That was the requirement demanded by Dominion Energy Virginia in its recent effort to block competitive service providers who are taking away customers who want 100% renewable power. In a 22-page opinion issued today (here), the State Corporation Commission rejected every Dominion assertion across the board. It said the two companies, Calpine Energy Solutions and Direct Energy Business, are operating within Virginia law. 

That result was predictable, but not guaranteed, after the SCC ordered Dominion to stop blocking those customers from leaving. Dominion had asserted its “24-7-365” standard for matching renewable energy to demand months ago, and then began to enforce it on its own, cutting off transfers to the two firms. The SCC stopped that first, and now has ruled on the underlying issue.

The short case ran up a massive record of paper and hearing transcripts, accomplishing little but aggravation and big lawyer bills. The competitive service providers (CSPs) can continue to recruit Dominion customers until the utility has its own 100% renewable option, and that application is pending. Virginia’s wild and crazy utility law says competition is only allowed if the utility doesn’t have its own approved tariff.

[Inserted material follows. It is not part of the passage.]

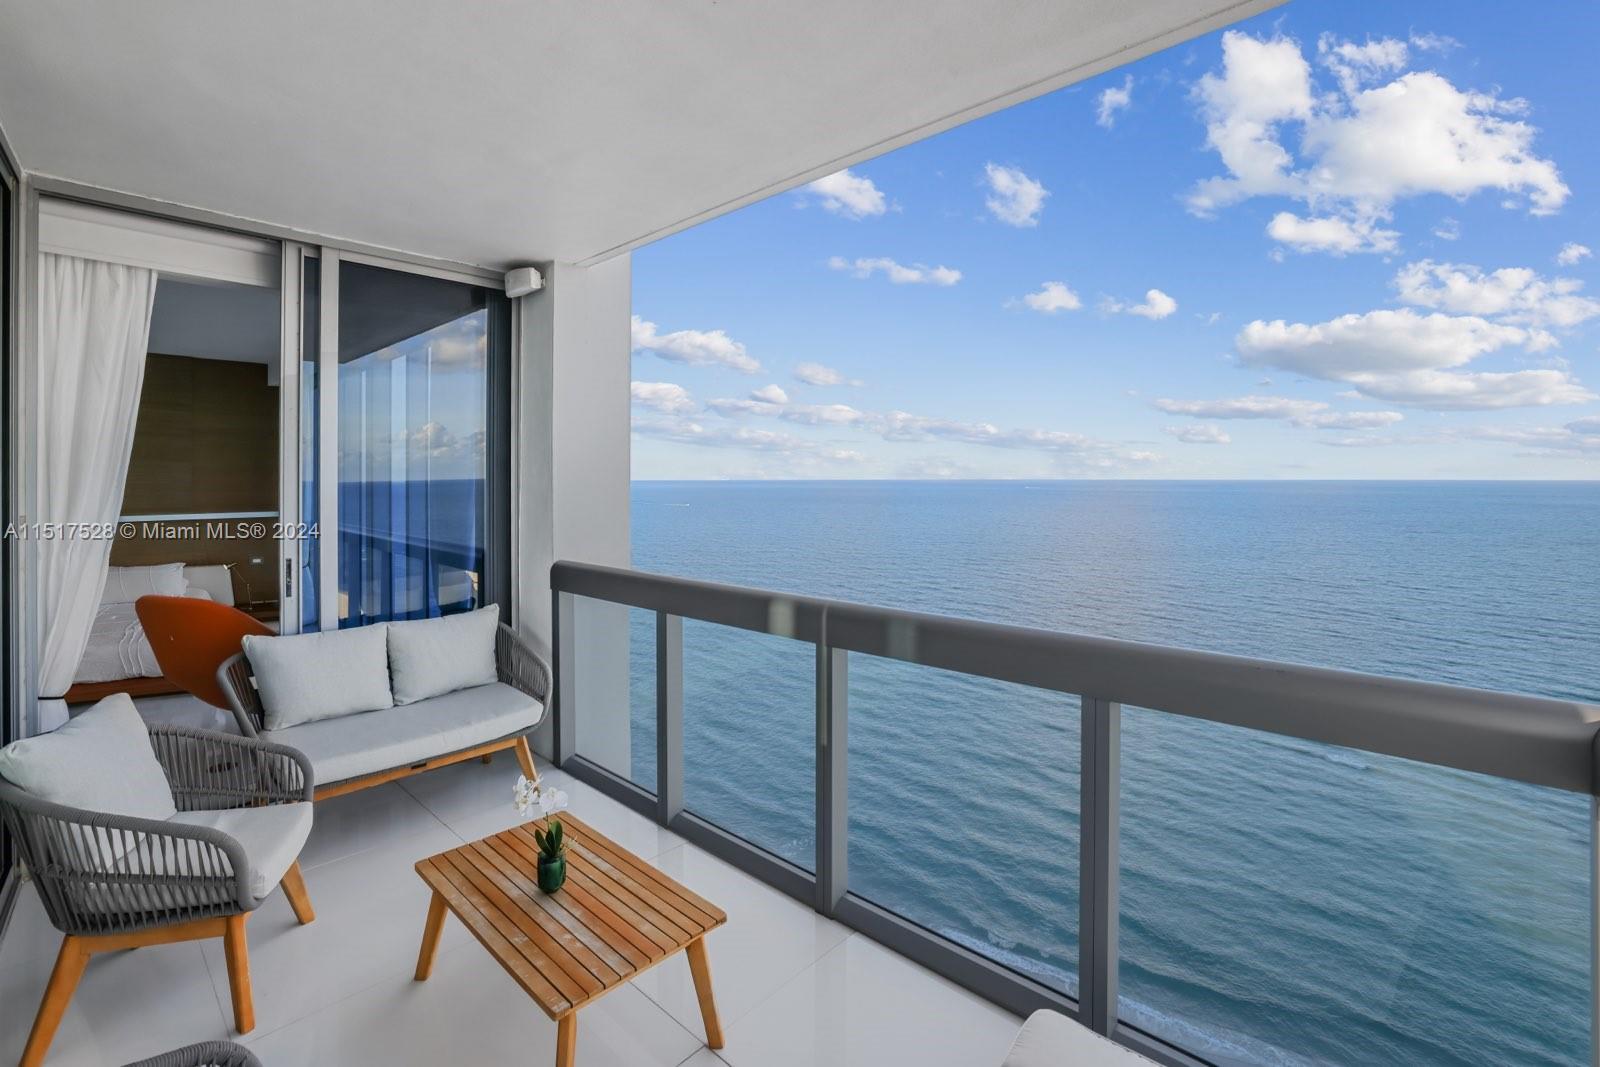 Listing Image 6899 Collins Ave #2208

The monthly matching standard basically means on a month-to-month basis, the CSP is generating renewable power from its own plants or (more likely) buying it under contract from other generators in amounts equal to the demand from its customers. The case heard discussion of matching standards from daily or hourly up to annually, apparently considered valid in some locations.

The other major investor-owned utility, Appalachian Power Company in the western part of Virginia, now offers a 100% renewable product with a monthly matching standard. That was approved earlier this year, ending CSP recruitment in its territory. Dominion didn’t like the monthly standard in that case, arguing against it and offering another version of its “24-7-365” requirement.  The SCC shot that down, too.

As previously discussed, both APCO and Dominion in their renewable tariffs are mainly packaging and reselling their existing generation, much of it aging hydro power. As the 100% renewable customers get to seem more green, the rest of us are stuck losing our green virtue in a zero-sum game.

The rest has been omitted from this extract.